What are the Borromean rings?


12:37 AM | ,

Borromean rings - a fascinating mathematical concept where three interlinked circles create an impossible object in three-dimensional space.
Borromean rings are a set of three interlinked, simple closed curves in three-dimensional space. If any one of the three is cut, the others break apart into two unknotted and unlinked loops. The rings are usually depicted as three circles that cross over and under each other in a Venn diagram pattern. Other triples of curves are also considered Borromean rings as long as they have the same topological properties. However, three-dimensional circular Borromean rings are considered an impossible object because it is not possible to construct them from circles in three-dimensional space.


Michael H. Freedman and Richard Skora also showed using four-dimensional hyperbolic geometry that no Brunnian link can be exactly circular.






For three rings in their conventional Borromean arrangement, this can be seen from considering the link diagram. If one assumes that two of the circles touch at their two crossing points, then they lie in either a plane or a sphere.
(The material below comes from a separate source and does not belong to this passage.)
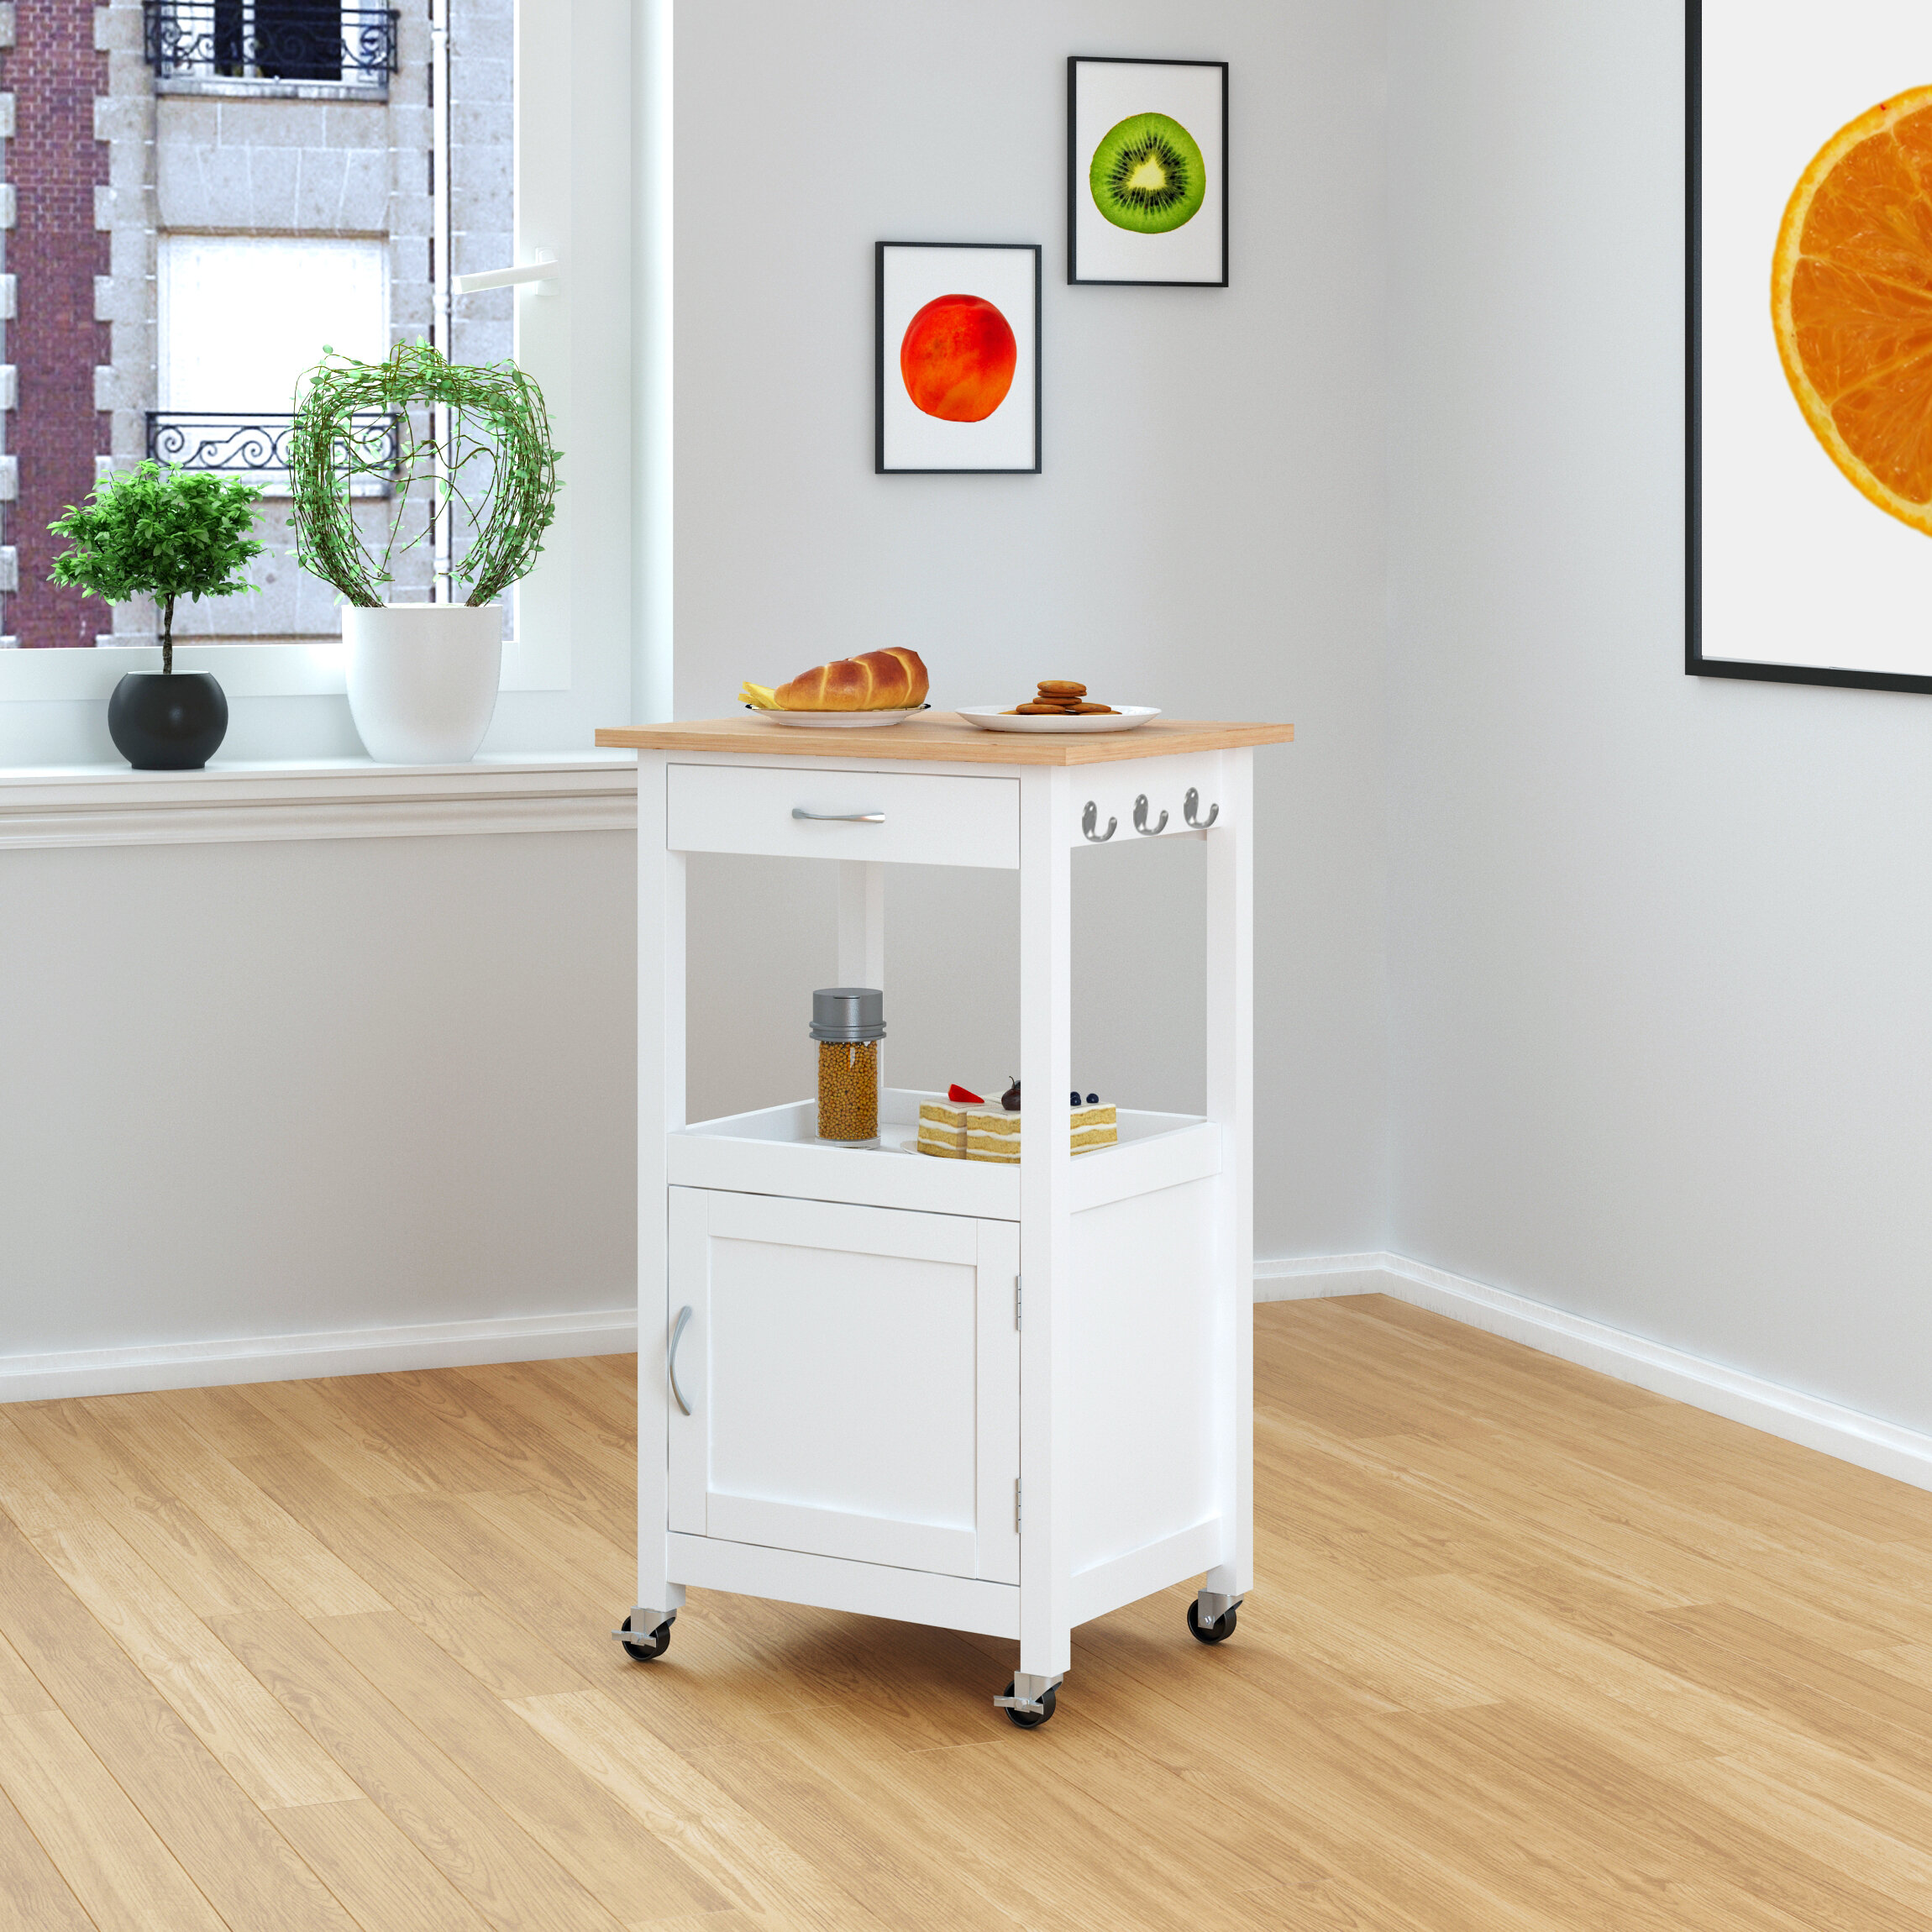 Stone Look Countertop Relaxdays Kitchen Cart with Tray and Drawer HxWxD: 85x60x40 cm Grey Bottle Rack Pine Wood

In either case, the third circle must pass through this plane or sphere four times, without lying in it, which is impossible. Another argument for the impossibility of circular realizations, by Helge Tverberg, uses inversive geometry to transform any three circles so that one of them becomes a line, making it easier to argue that the other two circles do not link with it to form the Borromean rings.
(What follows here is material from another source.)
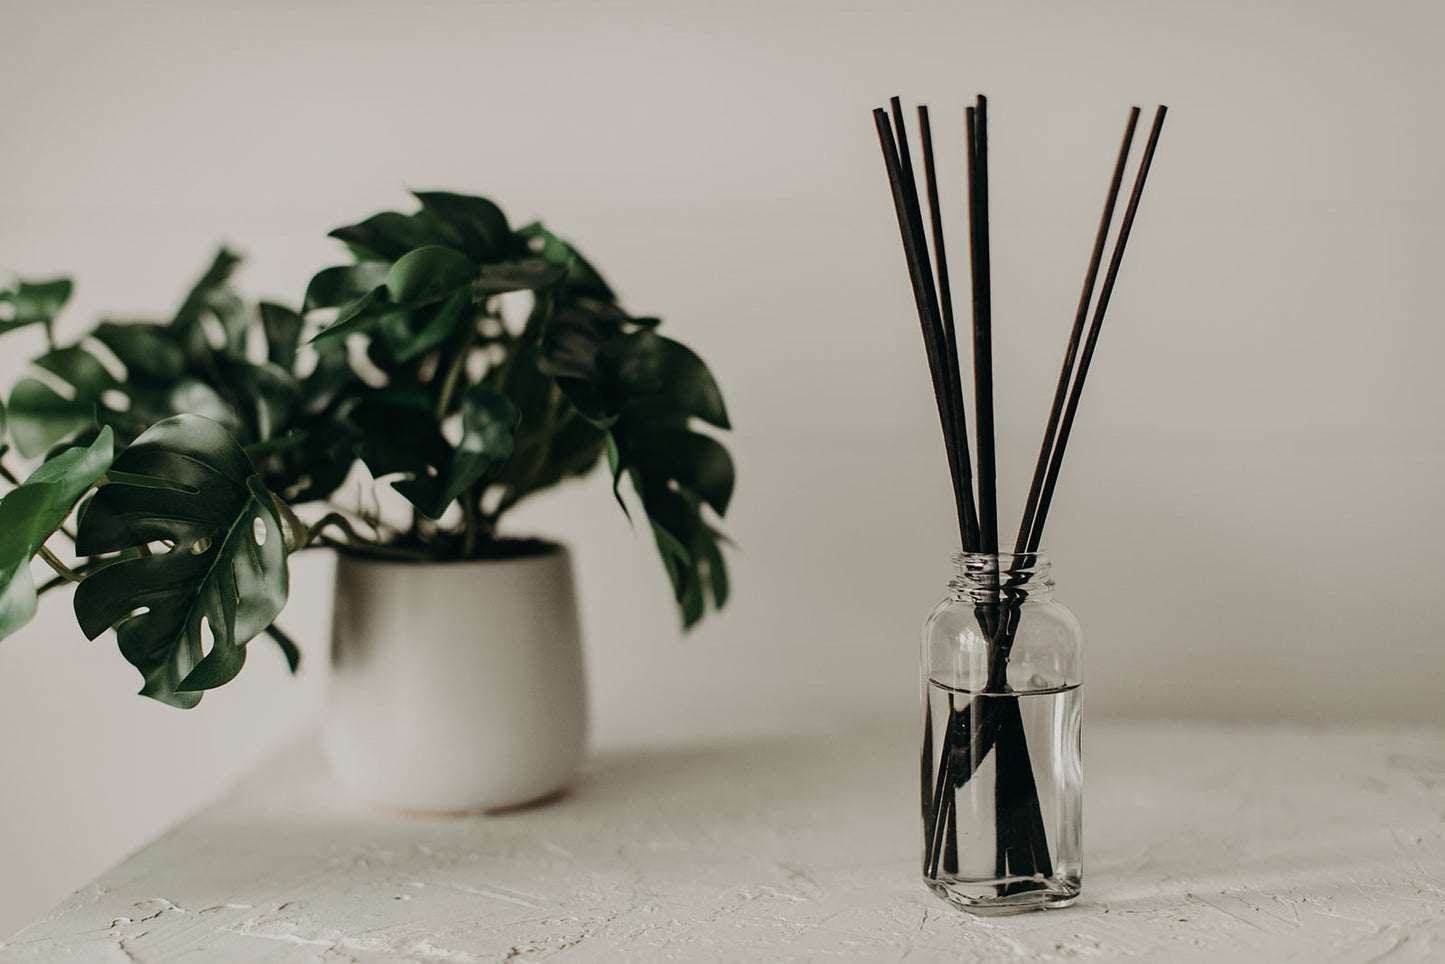 White Sands Reed Diffuser

However, the Borromean rings can be realized using ellipses. These may be taken to be of arbitrarily small eccentricity: no matter how close to being circular their shape may be, as long as they are not perfectly circular, they can form Borromean links if suitably positioned.


The Borromean rings are named after the Italian House of Borromeo, who used the circular form of these rings as a coat of arms, but designs based on the Borromean rings have been used in many cultures, including by the Norsemen and in Japan.


Matthew Cook has conjectured that any three unknotted simple closed curves in space, not all circles, can be combined without scaling to form the Borromean rings.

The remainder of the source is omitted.